↓

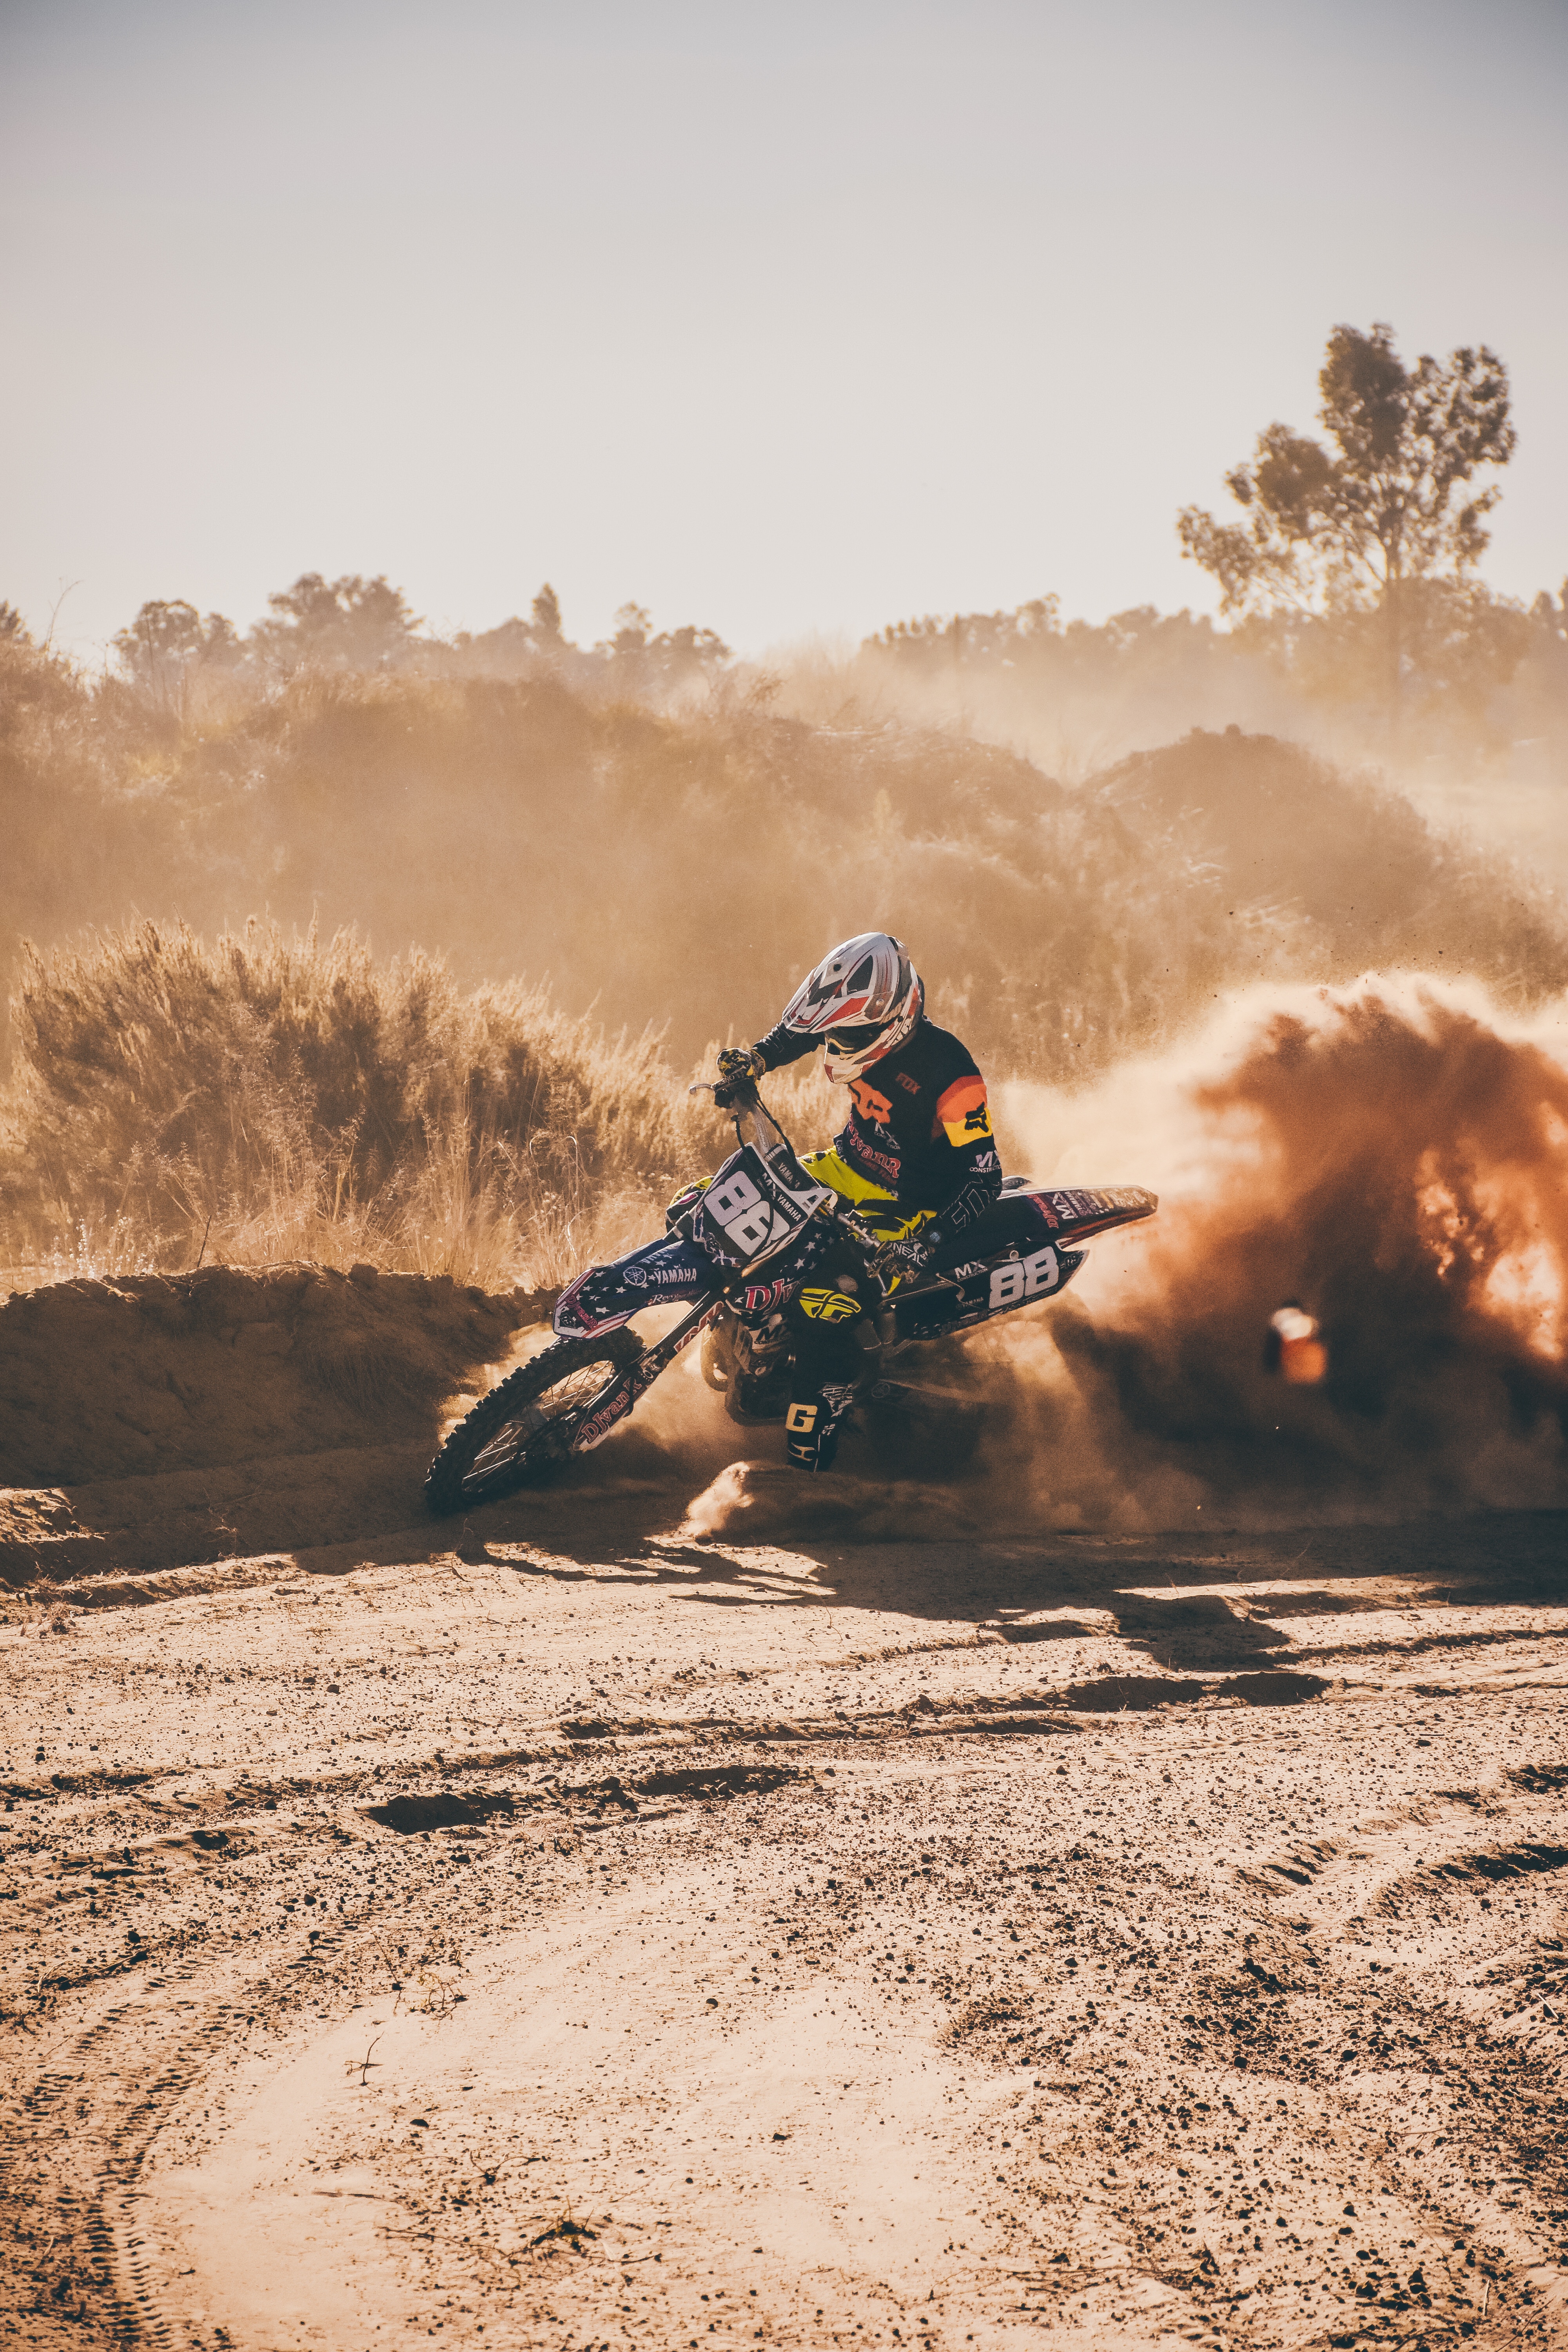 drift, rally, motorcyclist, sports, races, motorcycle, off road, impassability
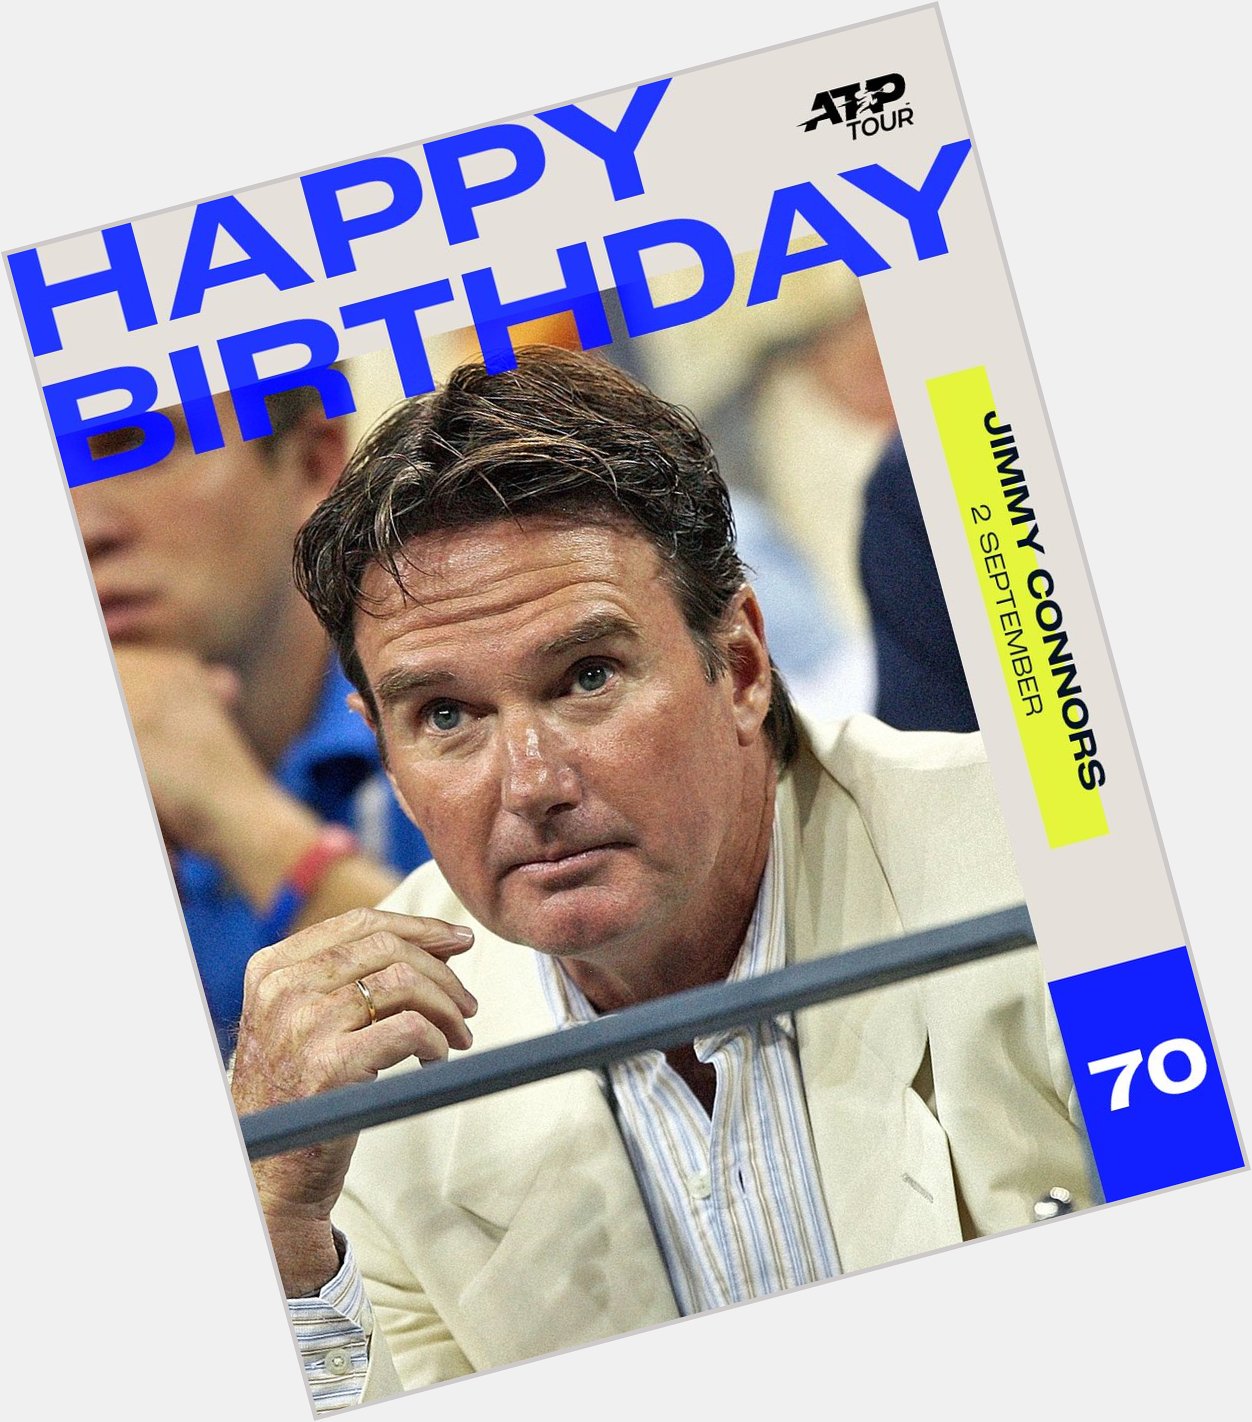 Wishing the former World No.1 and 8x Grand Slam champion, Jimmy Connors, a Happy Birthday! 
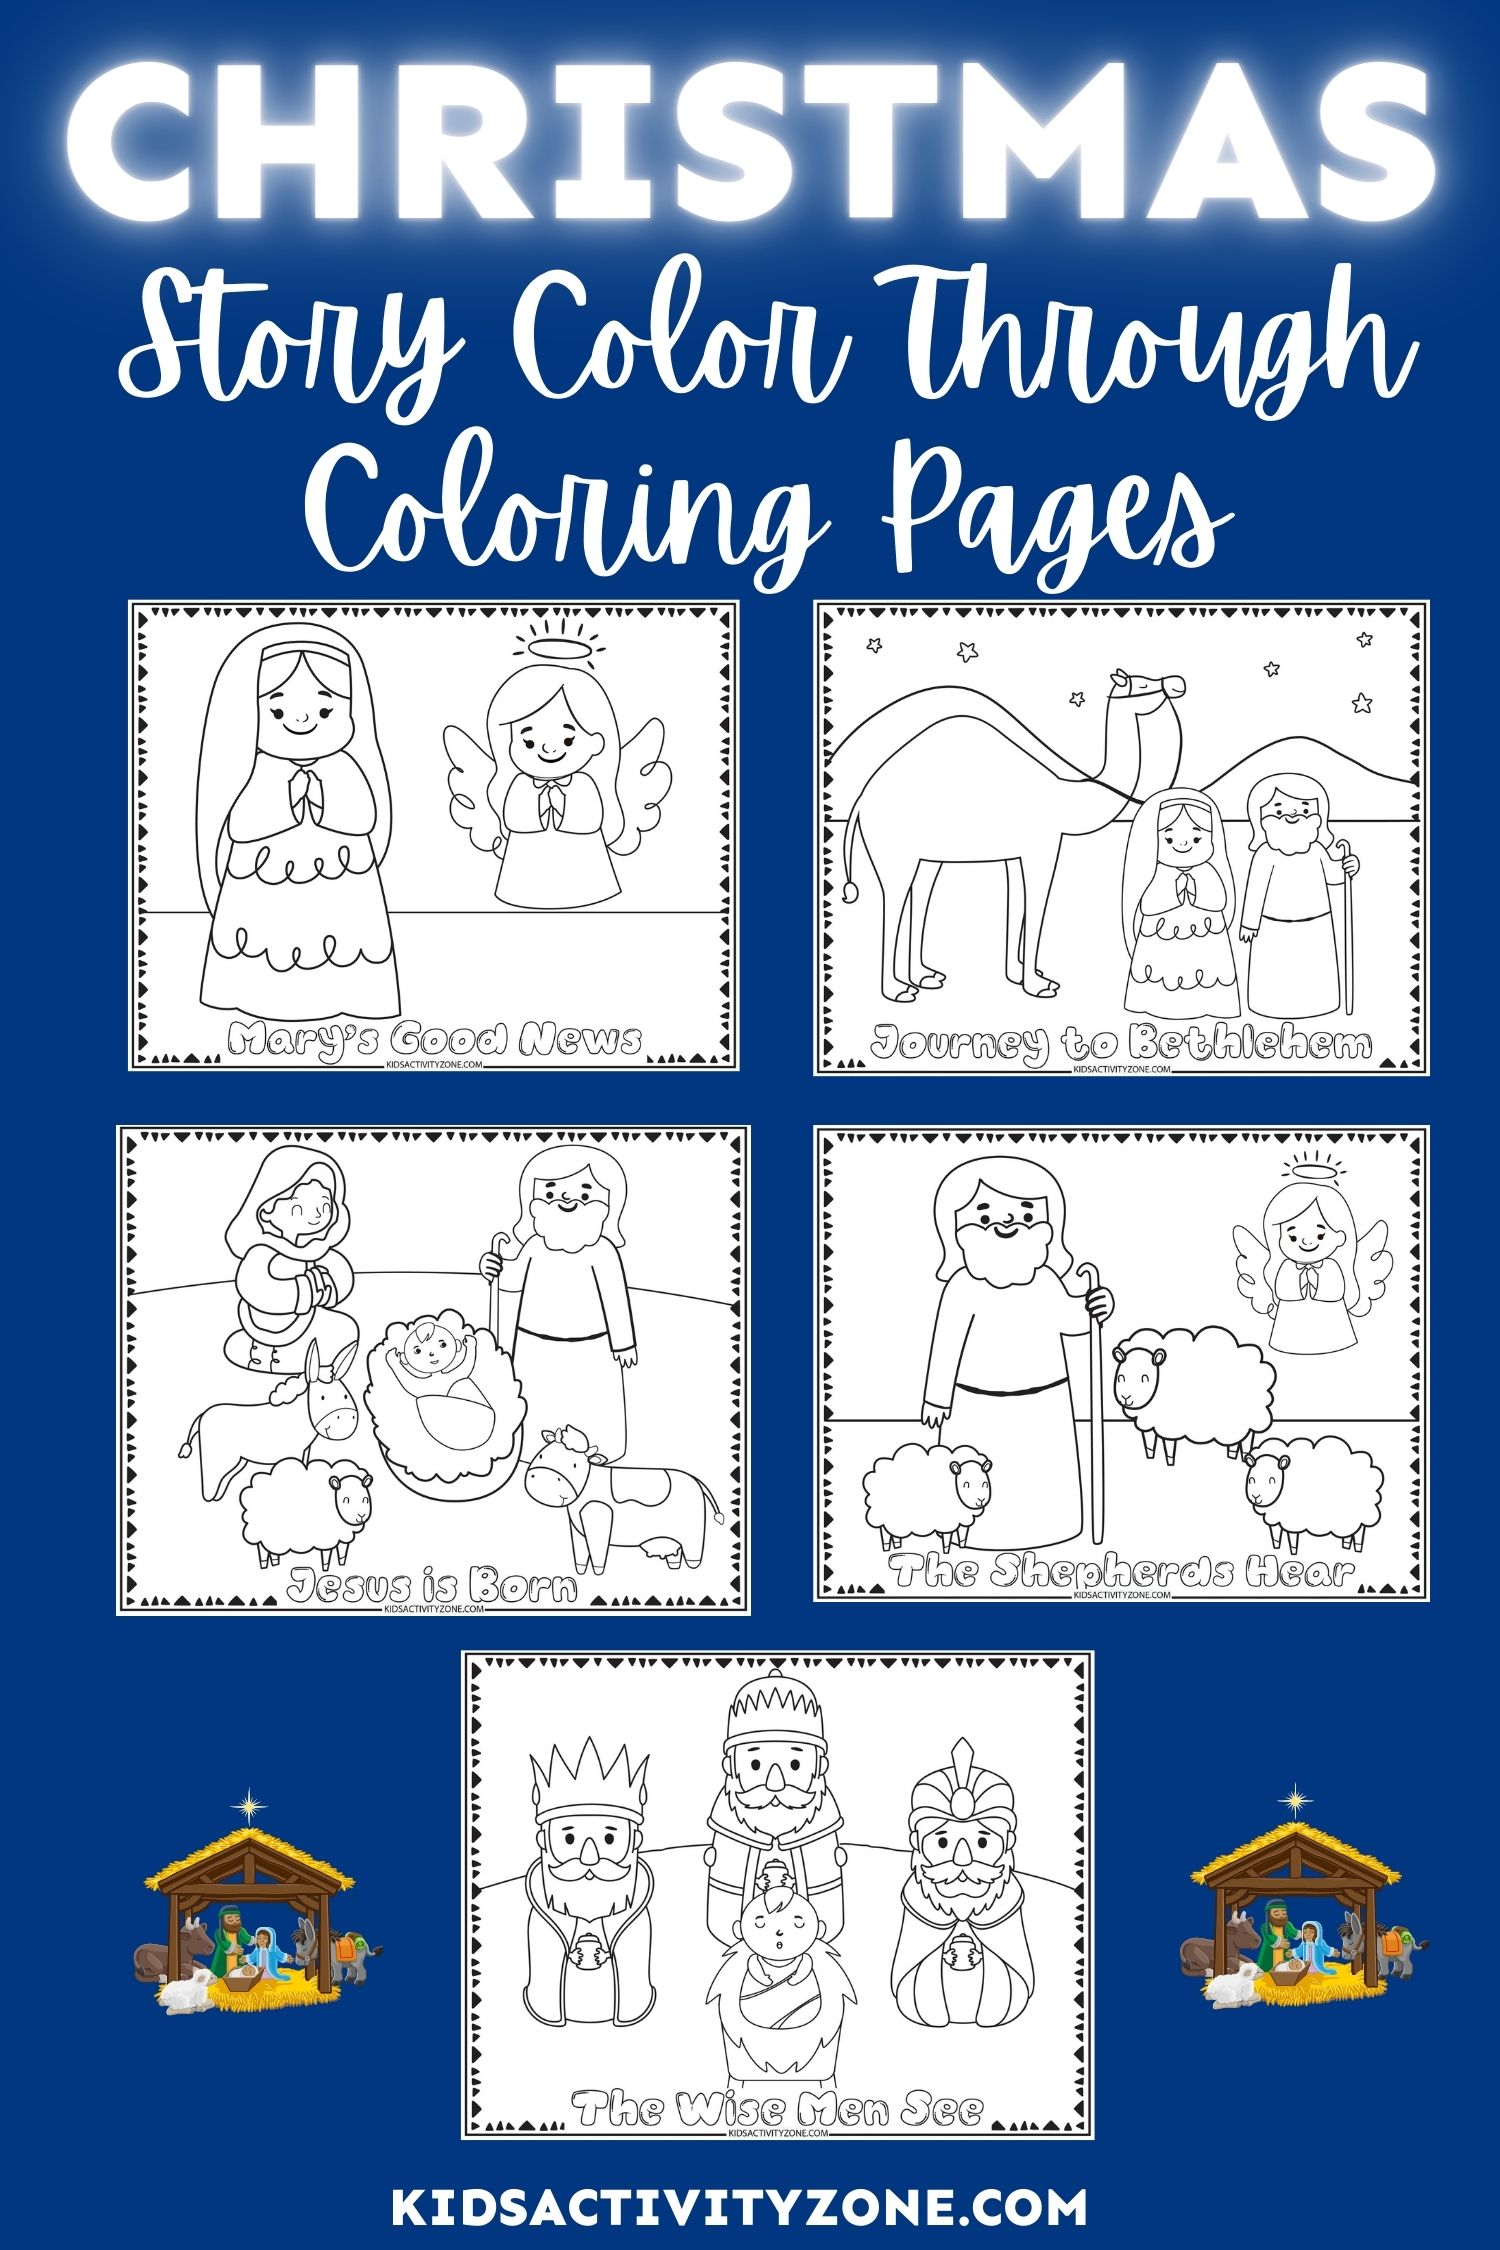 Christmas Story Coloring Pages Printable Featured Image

↑

- _Problem details_
Copy out the whole listing exactly. Skip its pictures.

- _Solution to this task_
 drift, rally, motorcyclist, sports, races, motorcycle, off road, impassability
 Wishing the former World No.1 and 8x Grand Slam champion, Jimmy Connors, a Happy Birthday! 
 Christmas Story Coloring Pages Printable Featured Image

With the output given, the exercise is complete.